**RECORDS FOR THIS EXERCISE:**

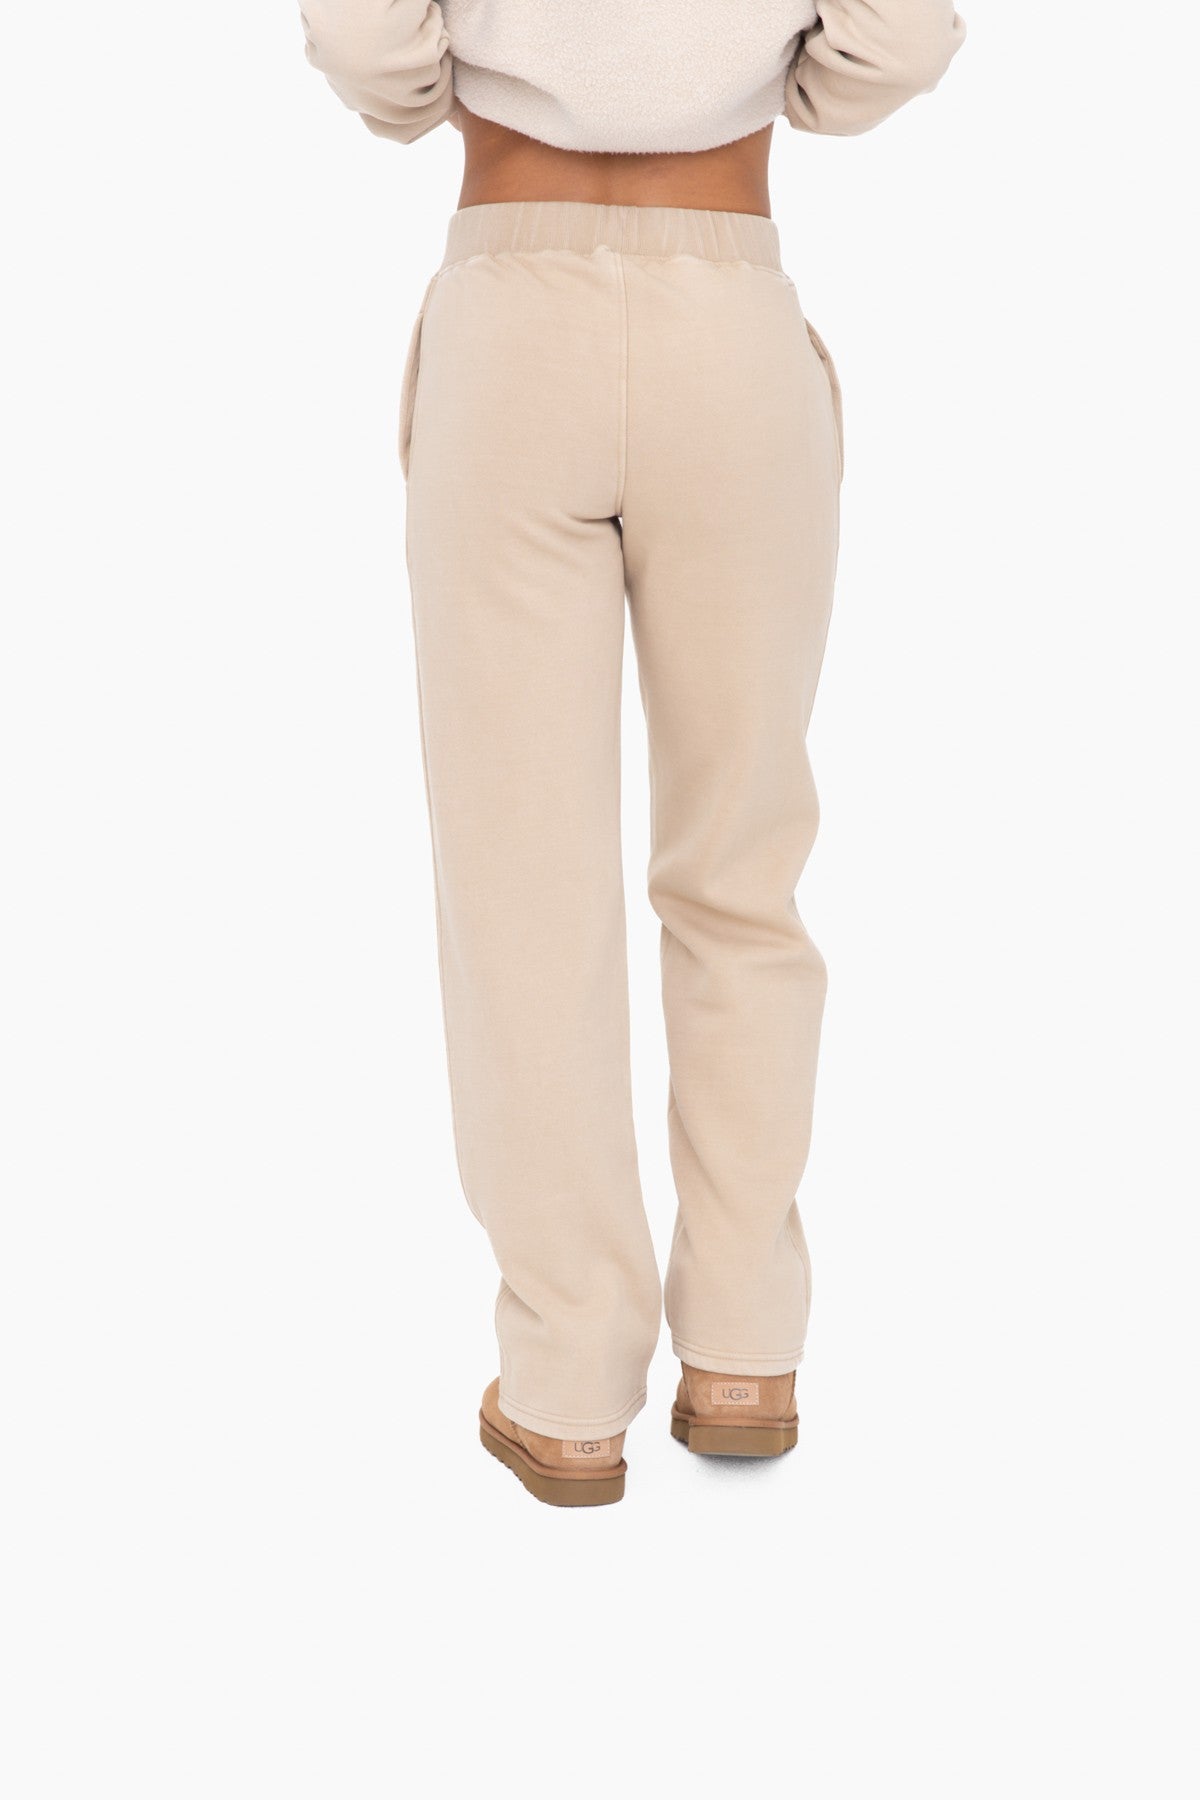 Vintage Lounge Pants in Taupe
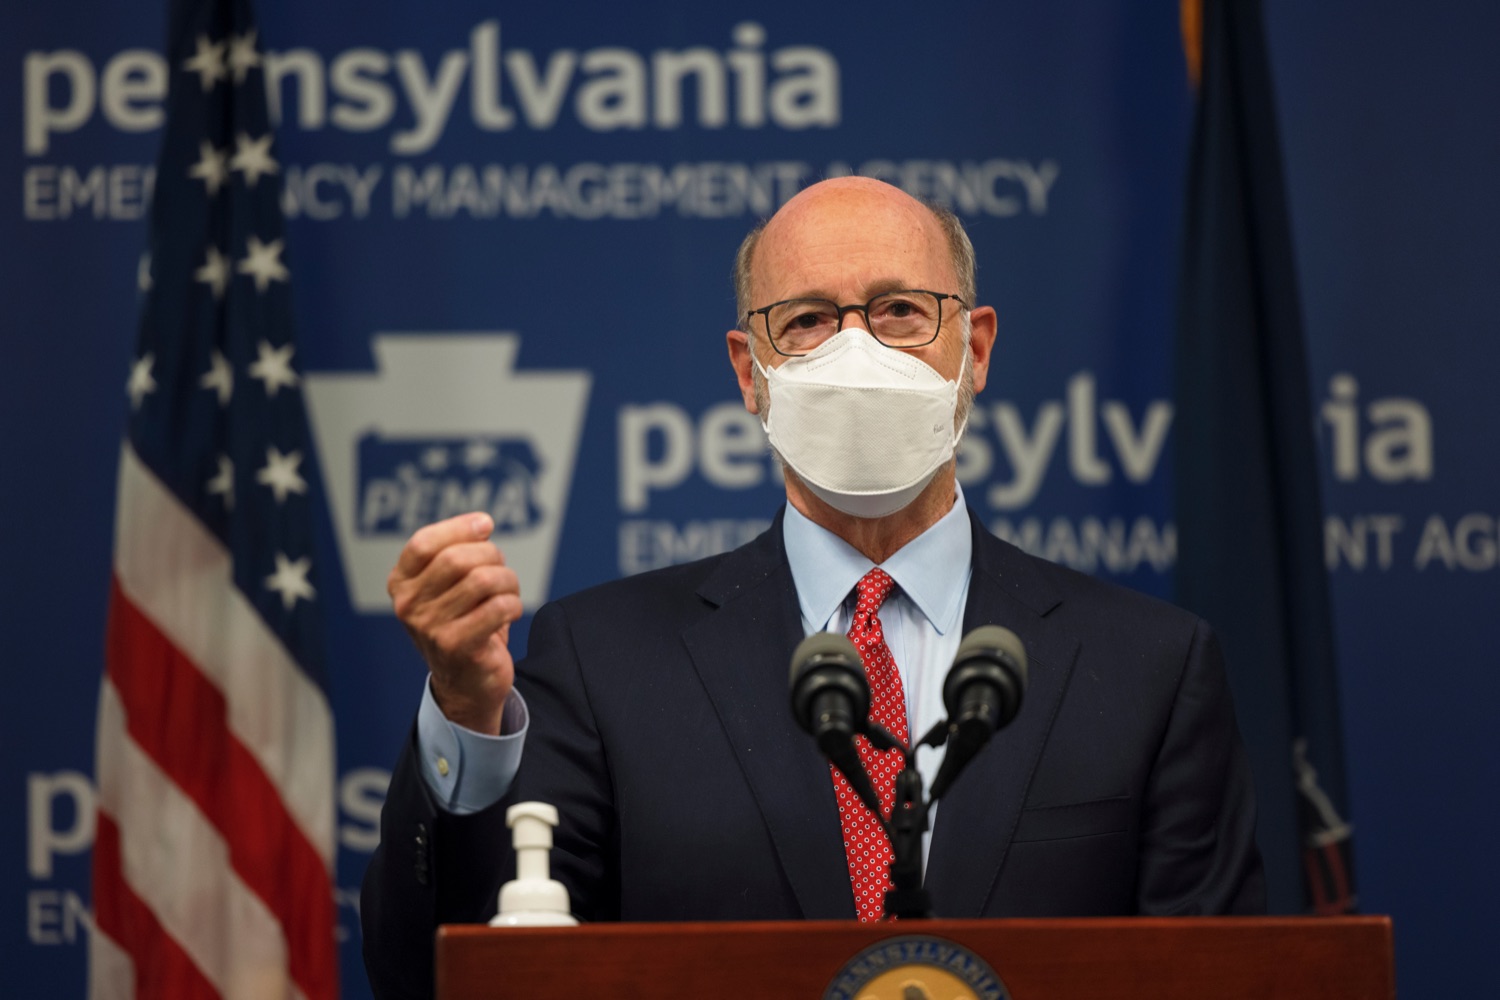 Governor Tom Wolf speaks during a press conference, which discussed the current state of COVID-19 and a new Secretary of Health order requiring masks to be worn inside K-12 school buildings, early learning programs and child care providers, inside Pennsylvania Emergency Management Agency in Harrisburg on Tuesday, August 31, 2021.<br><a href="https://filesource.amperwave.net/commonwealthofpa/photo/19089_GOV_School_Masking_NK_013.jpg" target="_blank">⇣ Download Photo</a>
---
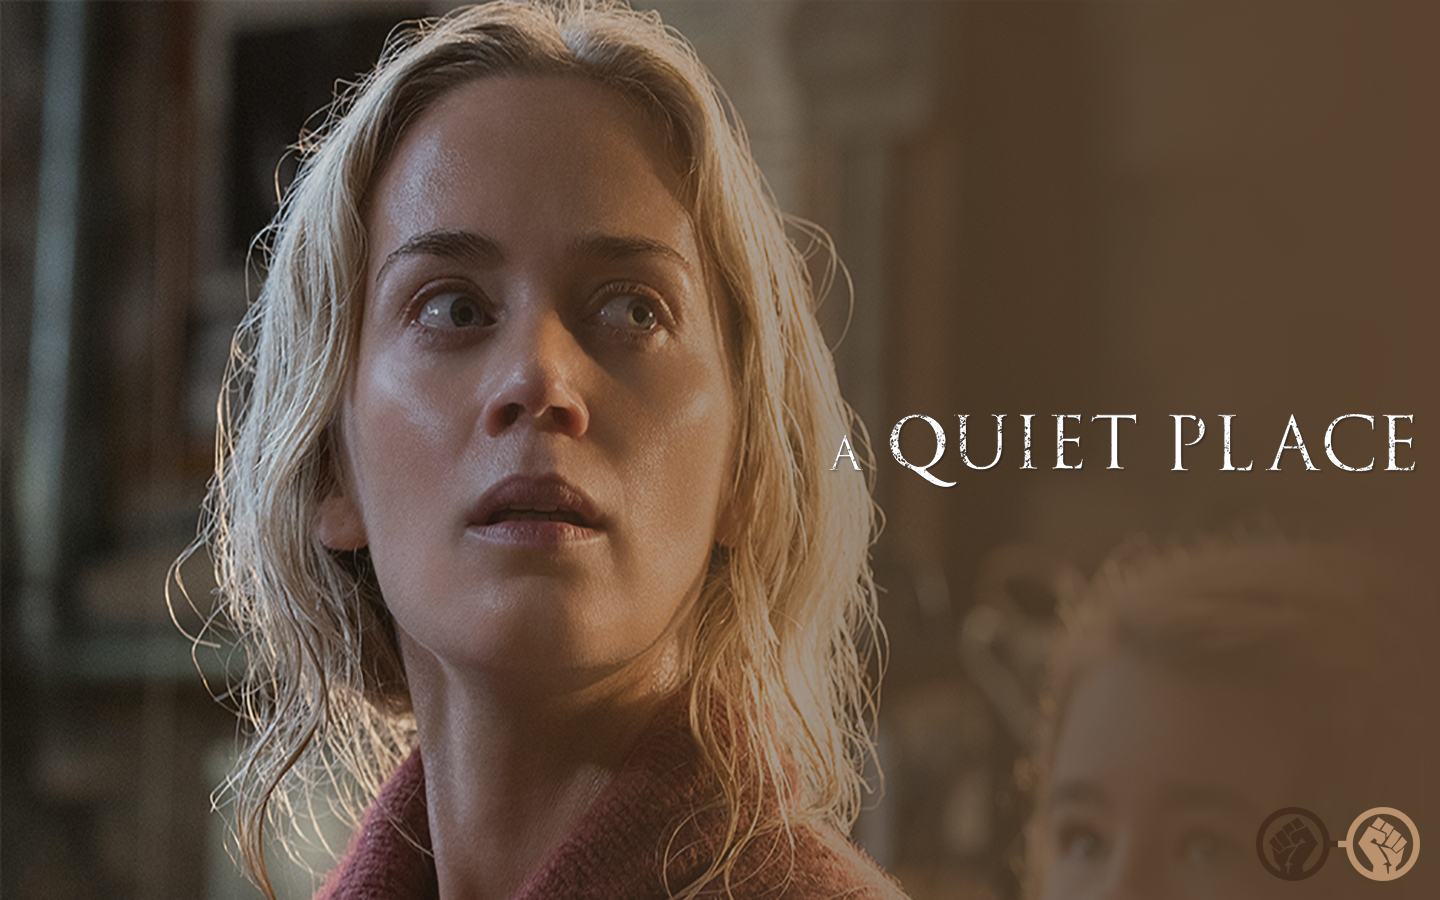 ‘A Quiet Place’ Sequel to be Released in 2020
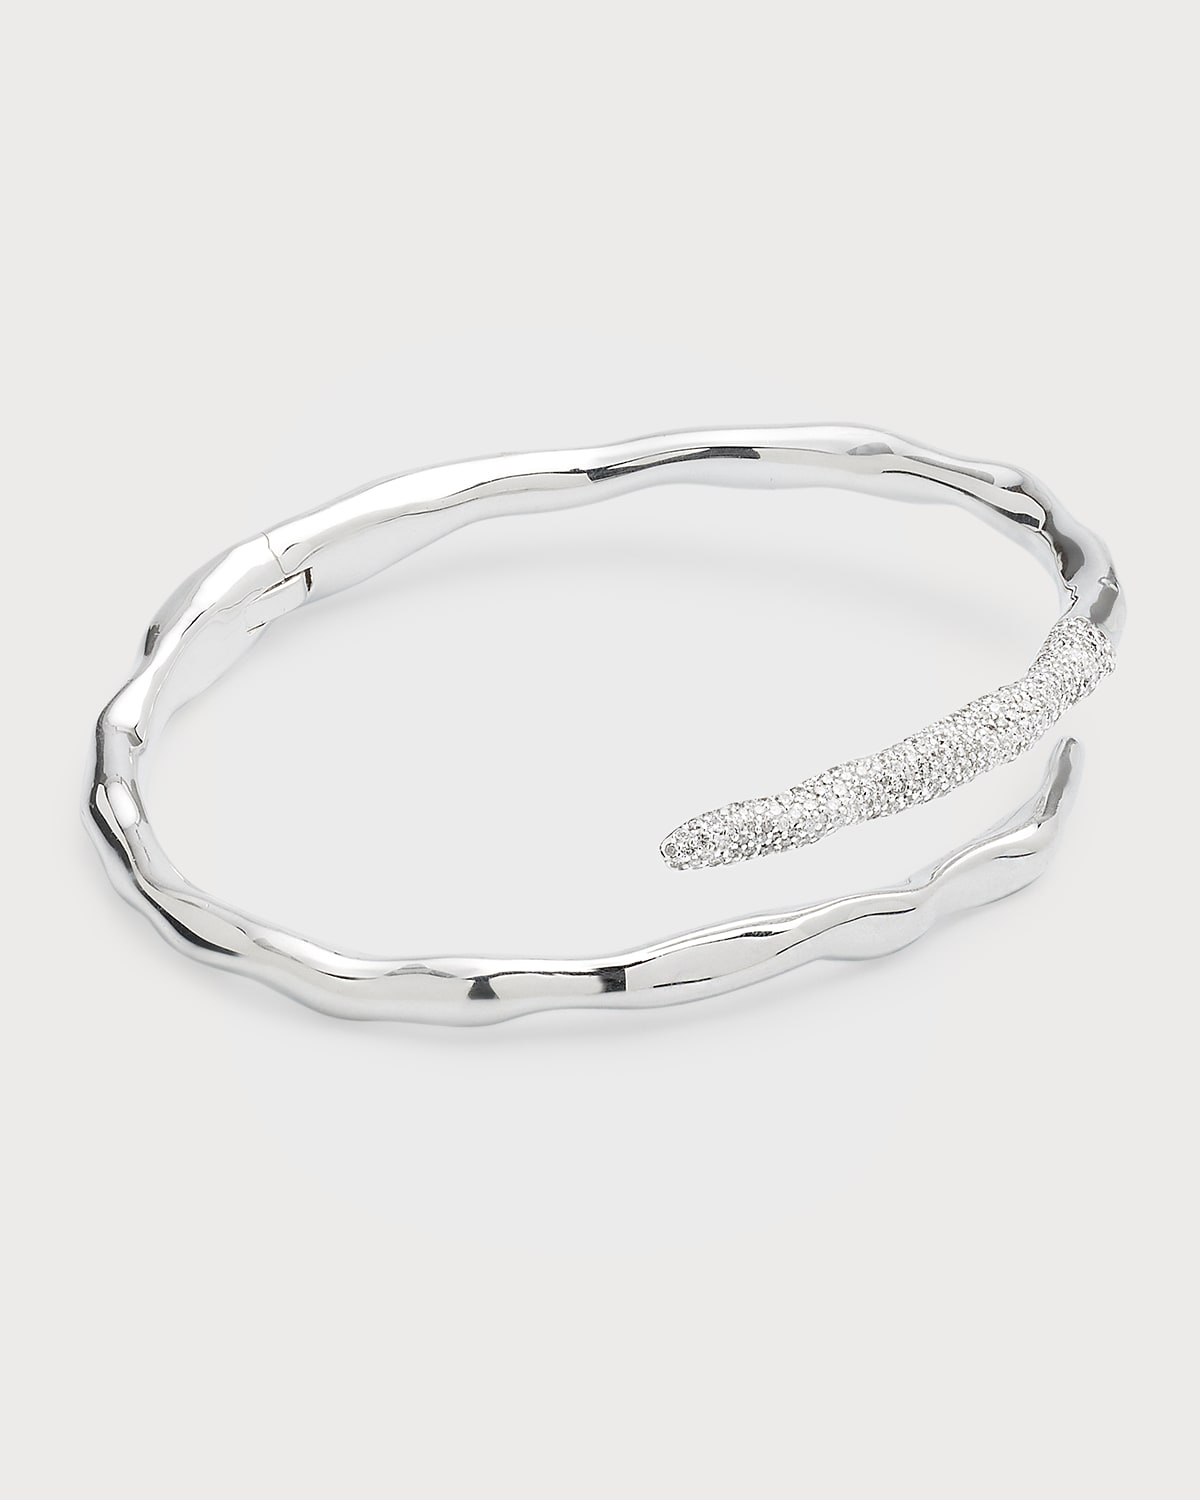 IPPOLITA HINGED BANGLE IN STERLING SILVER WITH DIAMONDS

**WHAT IS BEING ASKED:** Skipping the pictures, print the lines in the listing above exactly as written, starting at the line with "Released in 2020" and ending at the line with "IPPOLITA HINGED BANGLE", both included.

**RESULT OF THIS EXERCISE:**
 ‘A Quiet Place’ Sequel to be Released in 2020
 IPPOLITA HINGED BANGLE IN STERLING SILVER WITH DIAMONDS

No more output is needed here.